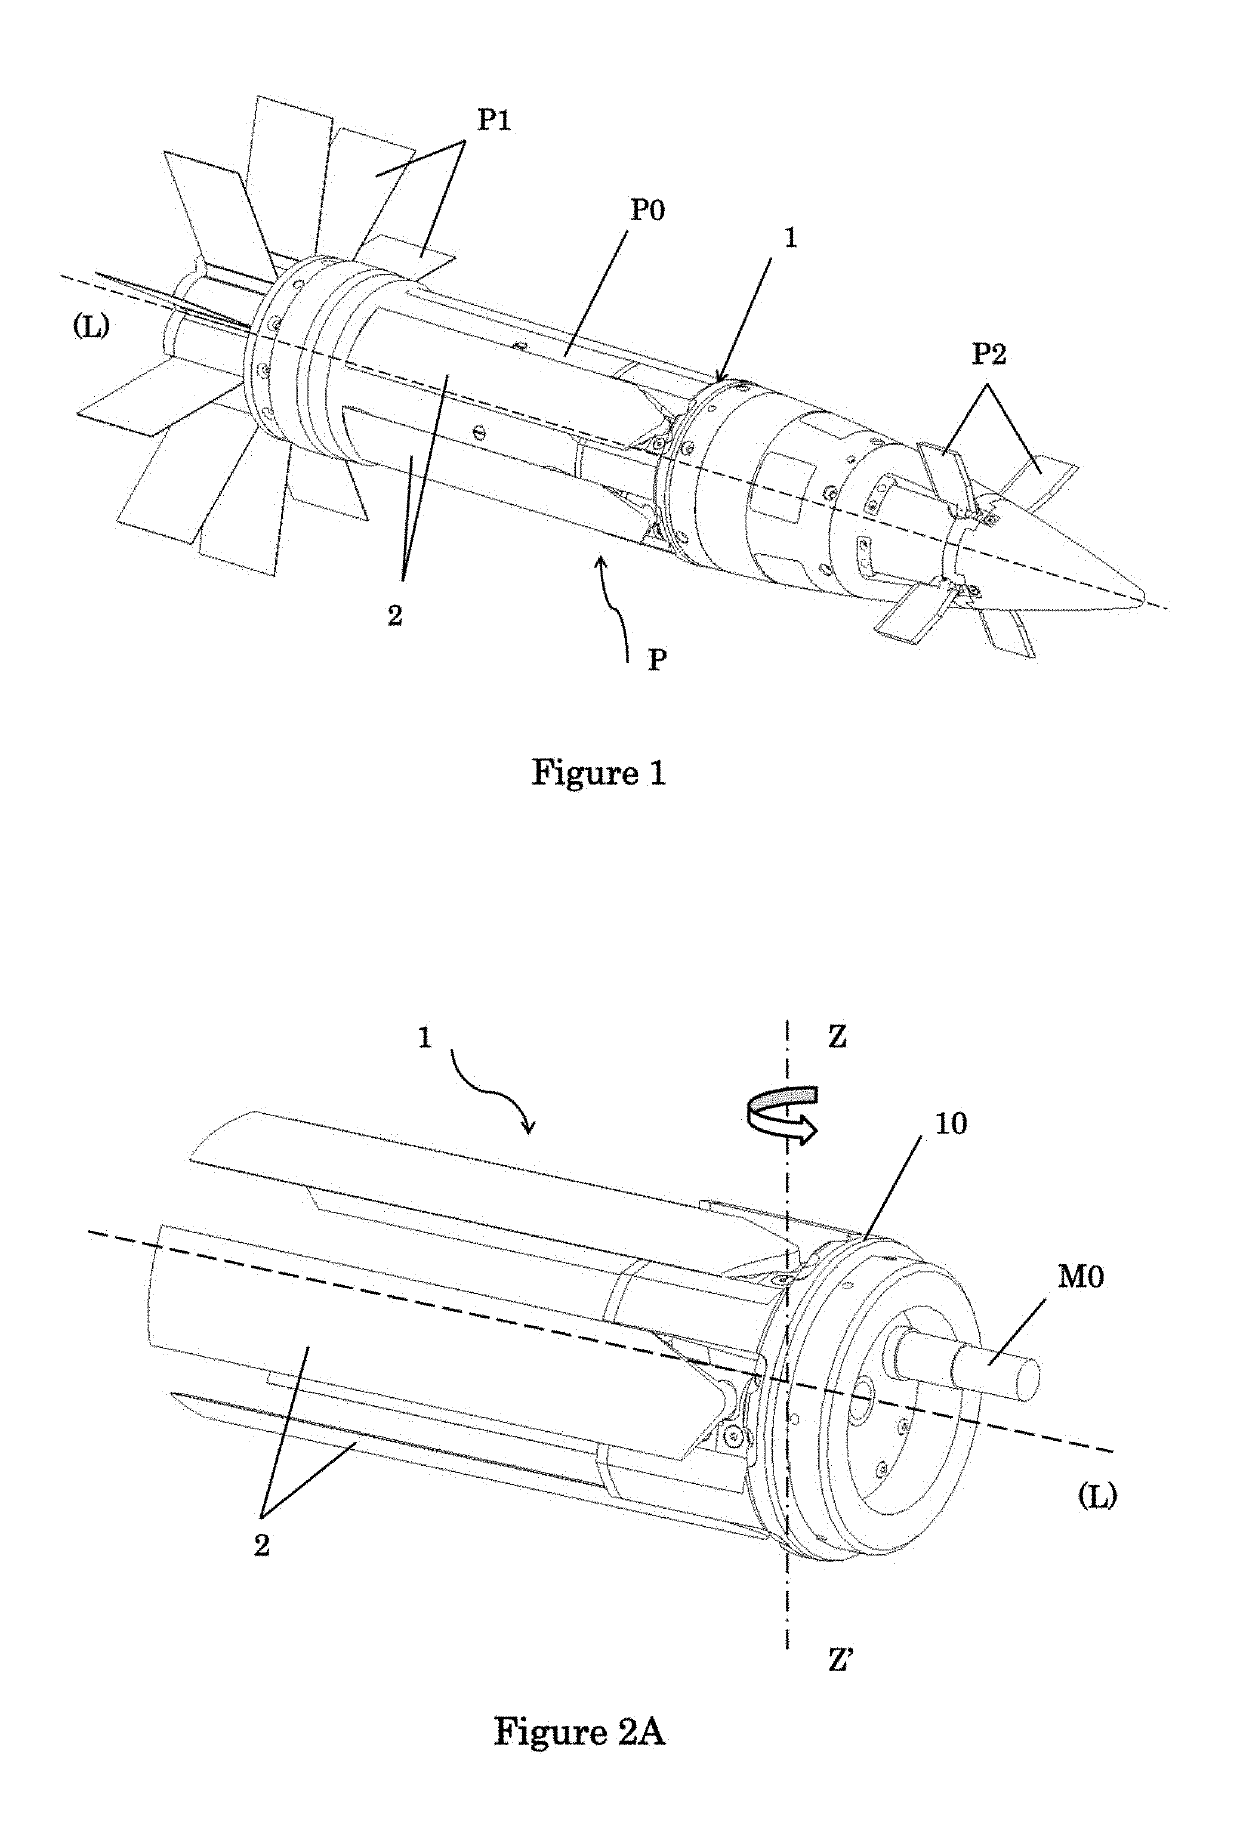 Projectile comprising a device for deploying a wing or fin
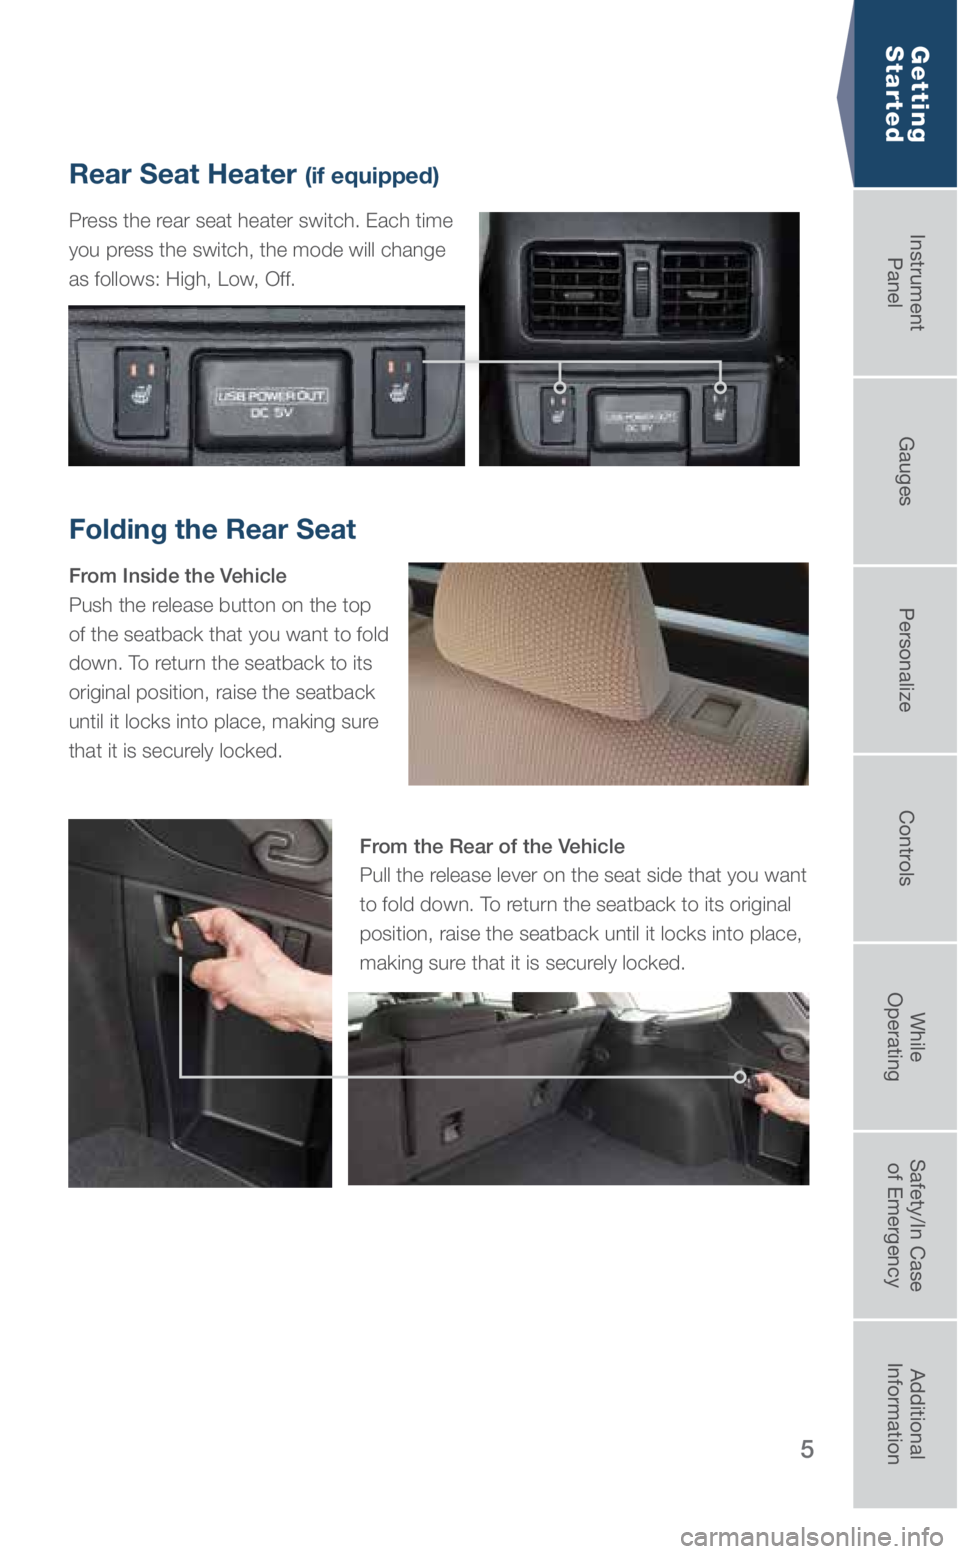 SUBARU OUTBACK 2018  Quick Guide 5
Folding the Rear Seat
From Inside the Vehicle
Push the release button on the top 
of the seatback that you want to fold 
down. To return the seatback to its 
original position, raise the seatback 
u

+++

> _TASK STATEMENT_
In the entries above, find the line with "down. To return the seatback to its", then retype it and every line after it exactly.

> _RESPONSE AREA_
down. To return the seatback to its 
original position, raise the seatback 
u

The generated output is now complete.